Metals are not necessarily deep underground. Raw metallic copper existed in surface deposits. Copper and more so iron ores exist on the surface. Pretty much any red rocks probably have some iron content. Red clay does too.
At some point, rocks must have been cooked in a reducing environment like a charcoal furnace, and produced useful metal.
Because not all metal is buried under the ground and requires a substantial effort to extract. Plenty of metal ores can be found above ground. Gold is thought to have been the first metal worked, since it can be found and worked in its pure form. It wouldn’t take much effort to recognize that some types of rocks, when heated, would produce other metals that can also be worked.
Not all metal deposits are buried deep underground, just most of them. It’s entirely possible for ores or even raw metals to be found at the surface level in exposed rock formations.
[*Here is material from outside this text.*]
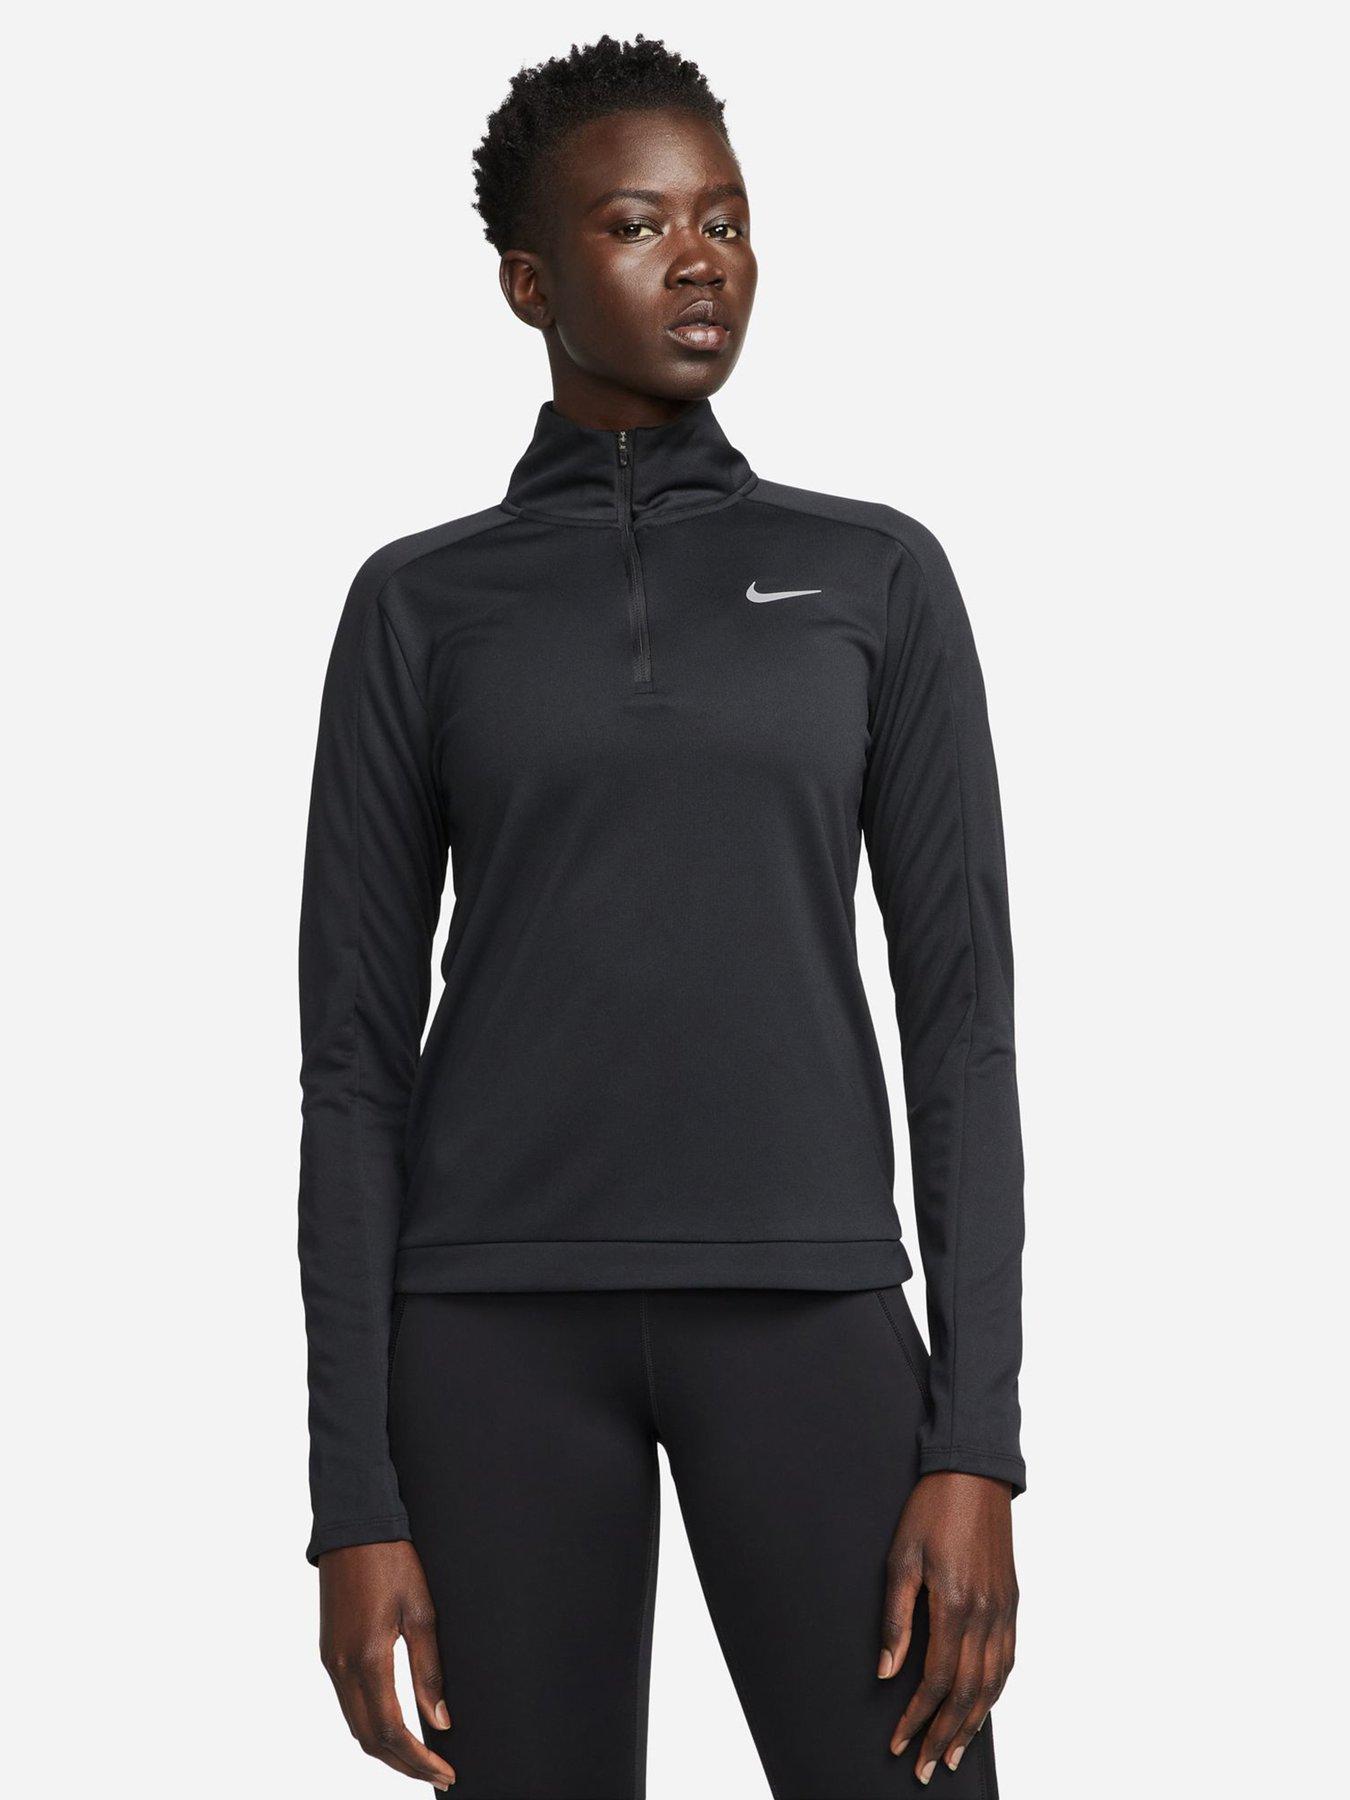 Long Sleeve | Tops t-shirts Women | Nike | www.very.co.uk
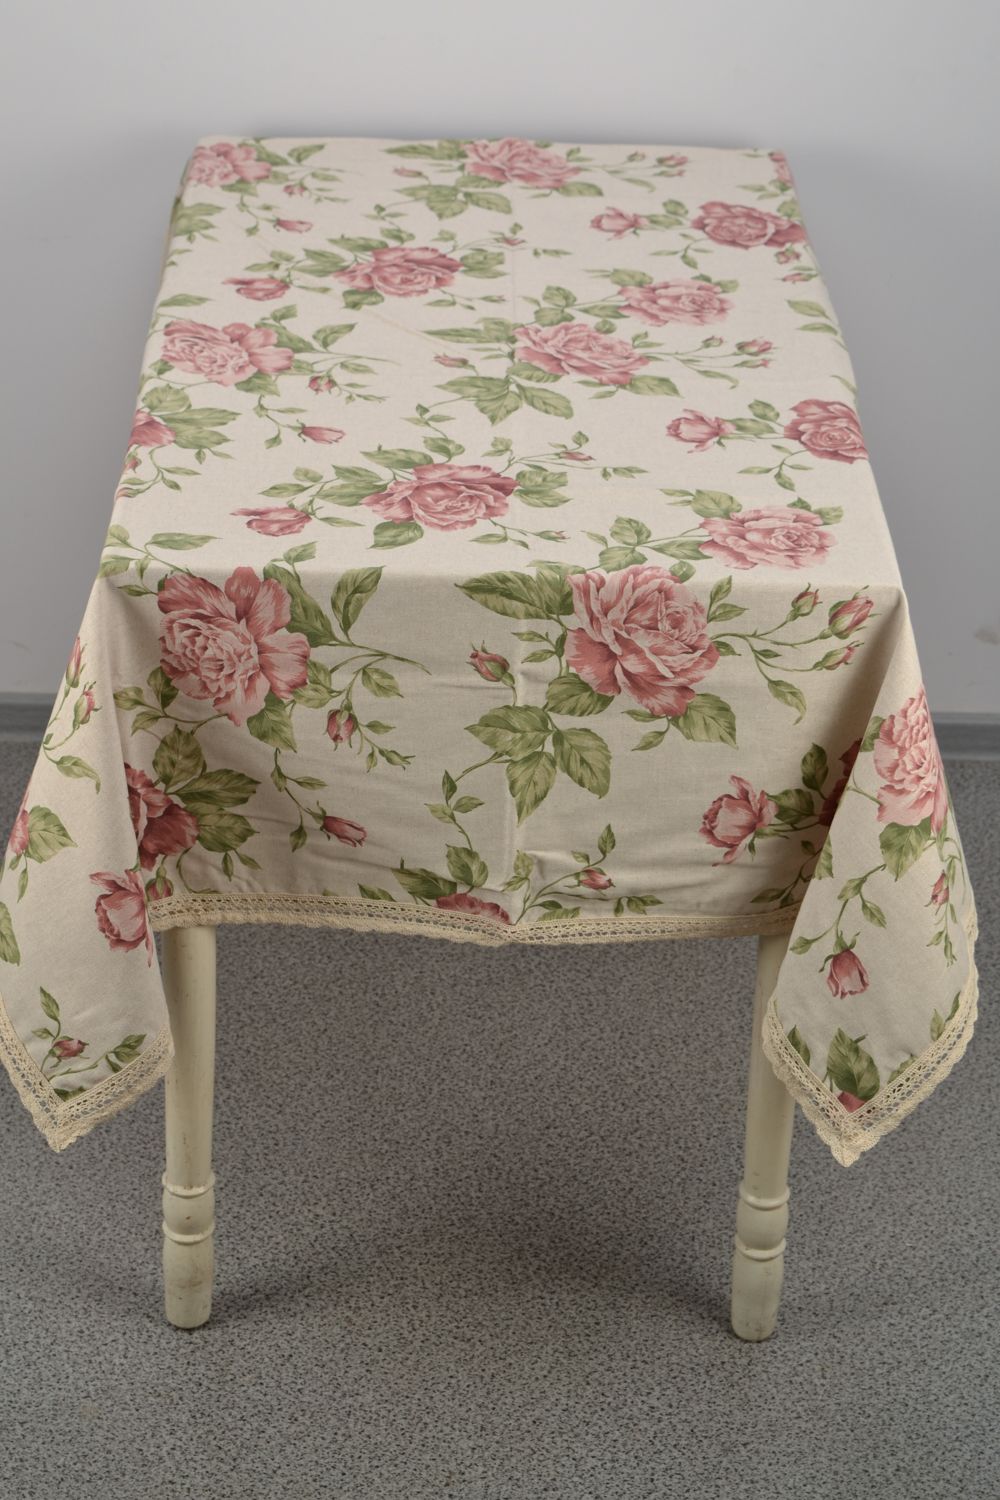 Скатерть на прямоугольный стол тканевая с большими розами фото 2

We dig deep to obtain metal ores in the modern day because our demand for metals dwarfs that of primitive societies, and because we exhausted all the large easily-accessible surface-level metal deposits long ago.
This is an exceptional question!
I would assume the ancient’s first encounters with heavy metals would have been with natural river sluices.
Nuggets, pickers and small flakes of lead, gold and iron.
Store them in your leather canteen, accidentally smelt them one day.
Fast forward a few hundred years and your civilization should have realised that the same material is concentrated in veins.